__Exercise data__
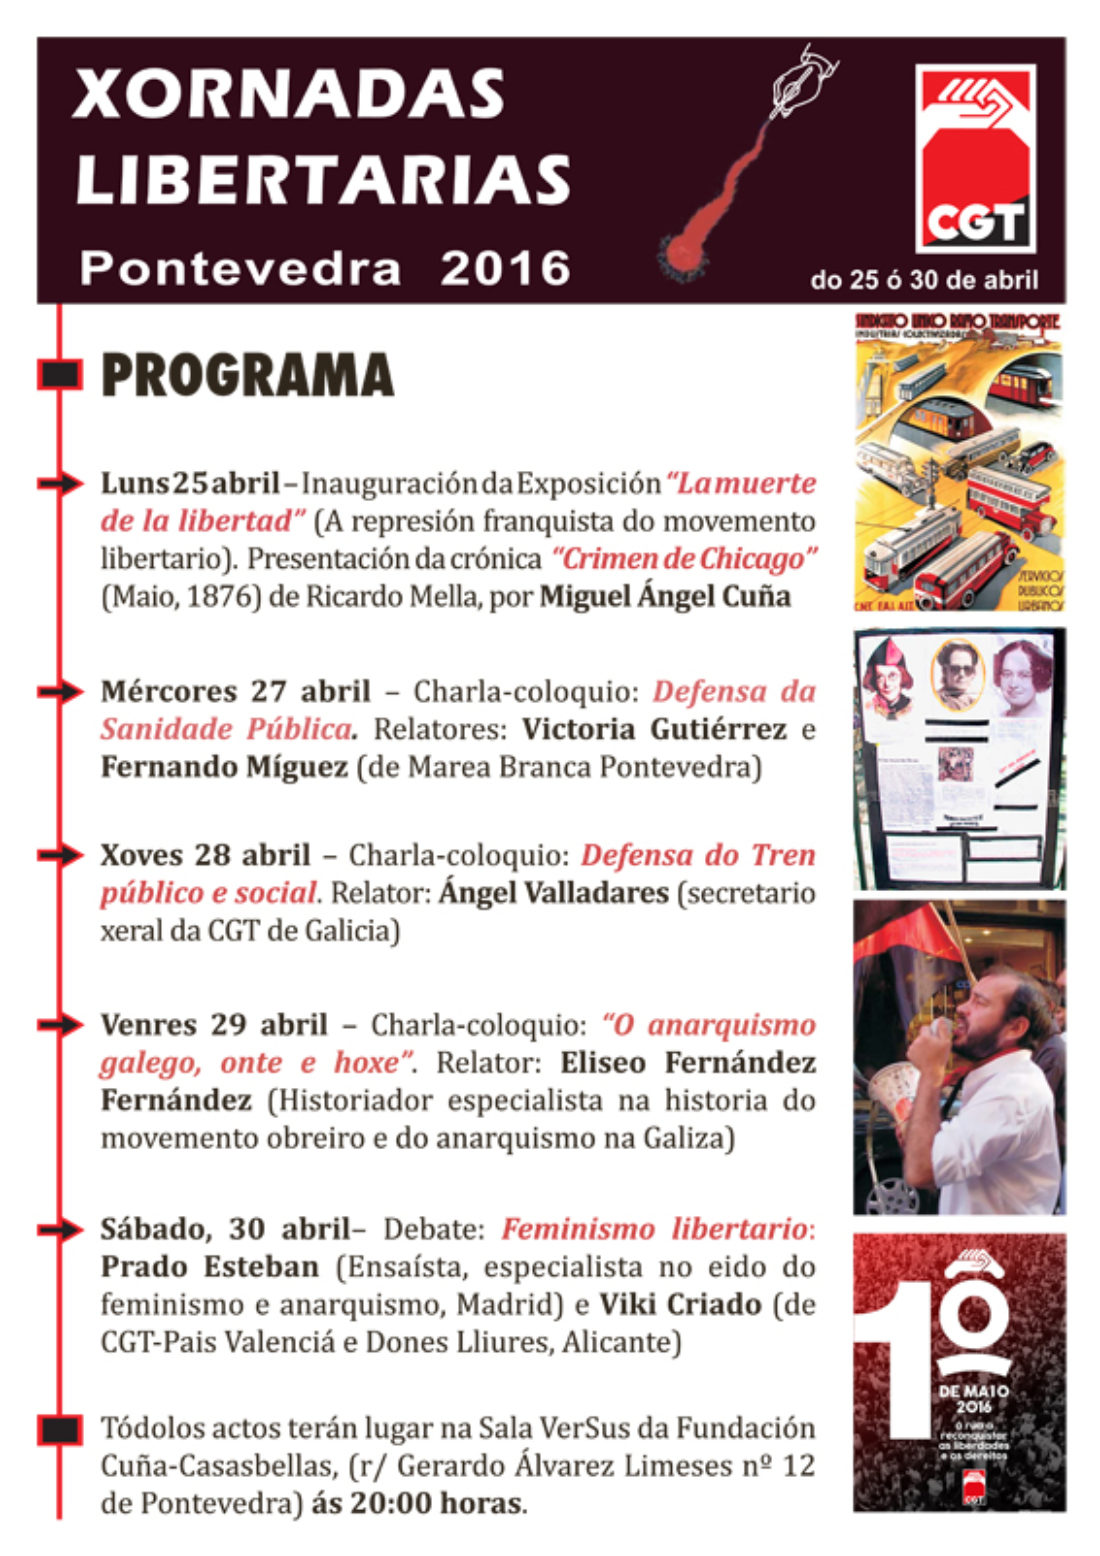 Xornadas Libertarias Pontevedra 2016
==
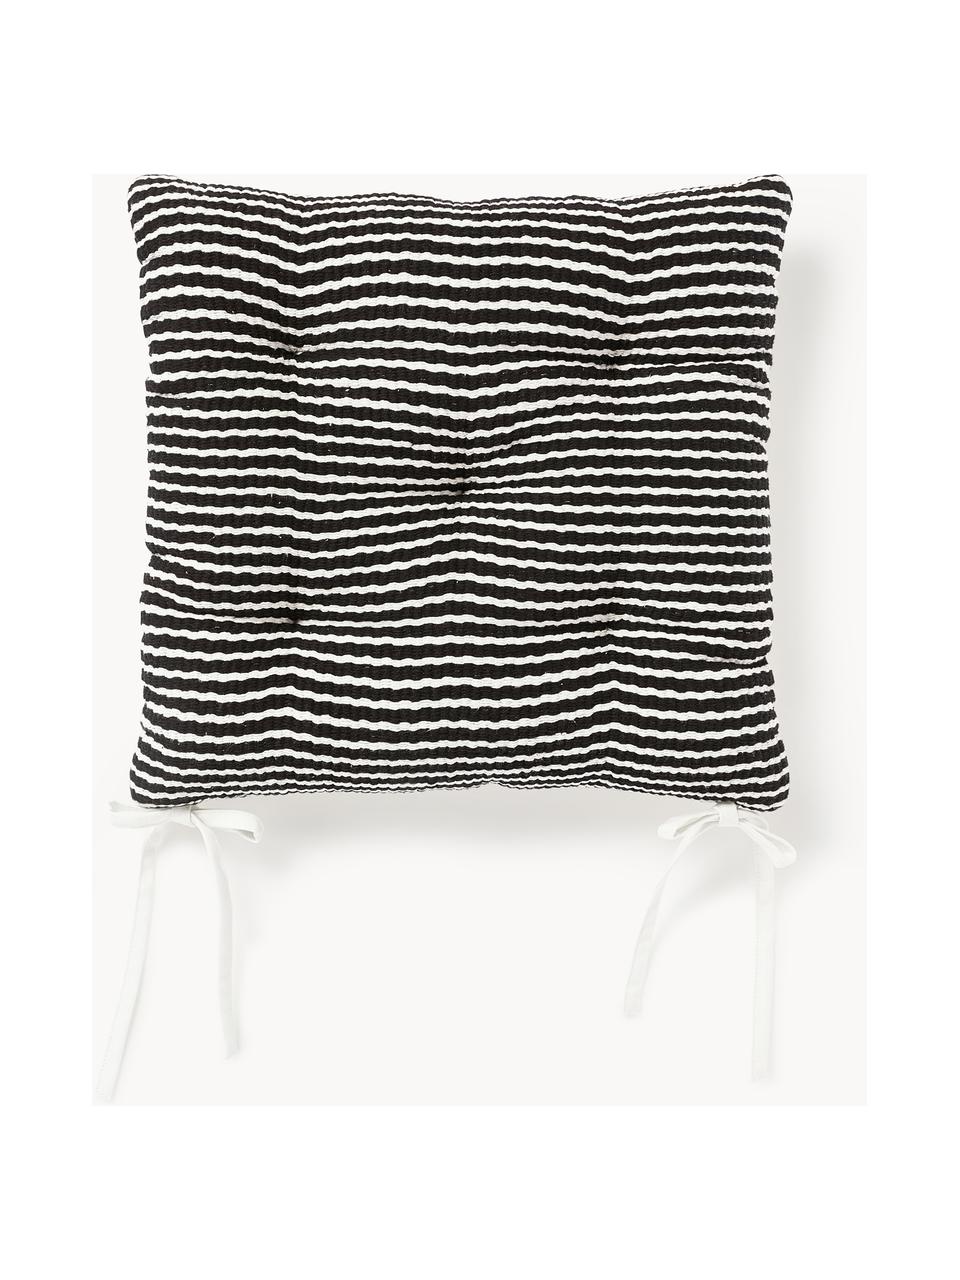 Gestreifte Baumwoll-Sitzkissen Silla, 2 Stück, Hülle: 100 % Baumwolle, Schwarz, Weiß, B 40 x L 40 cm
--
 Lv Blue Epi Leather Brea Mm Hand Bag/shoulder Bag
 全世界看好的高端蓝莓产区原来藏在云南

__Your task__
Return a word-for-word copy of the lines above from the one holding "Lv Blue Epi" through the one holding "全世界看好的高端蓝莓产区原来藏在云南", with both of them included and nothing besides.

__Exercise solution__
 Lv Blue Epi Leather Brea Mm Hand Bag/shoulder Bag
 全世界看好的高端蓝莓产区原来藏在云南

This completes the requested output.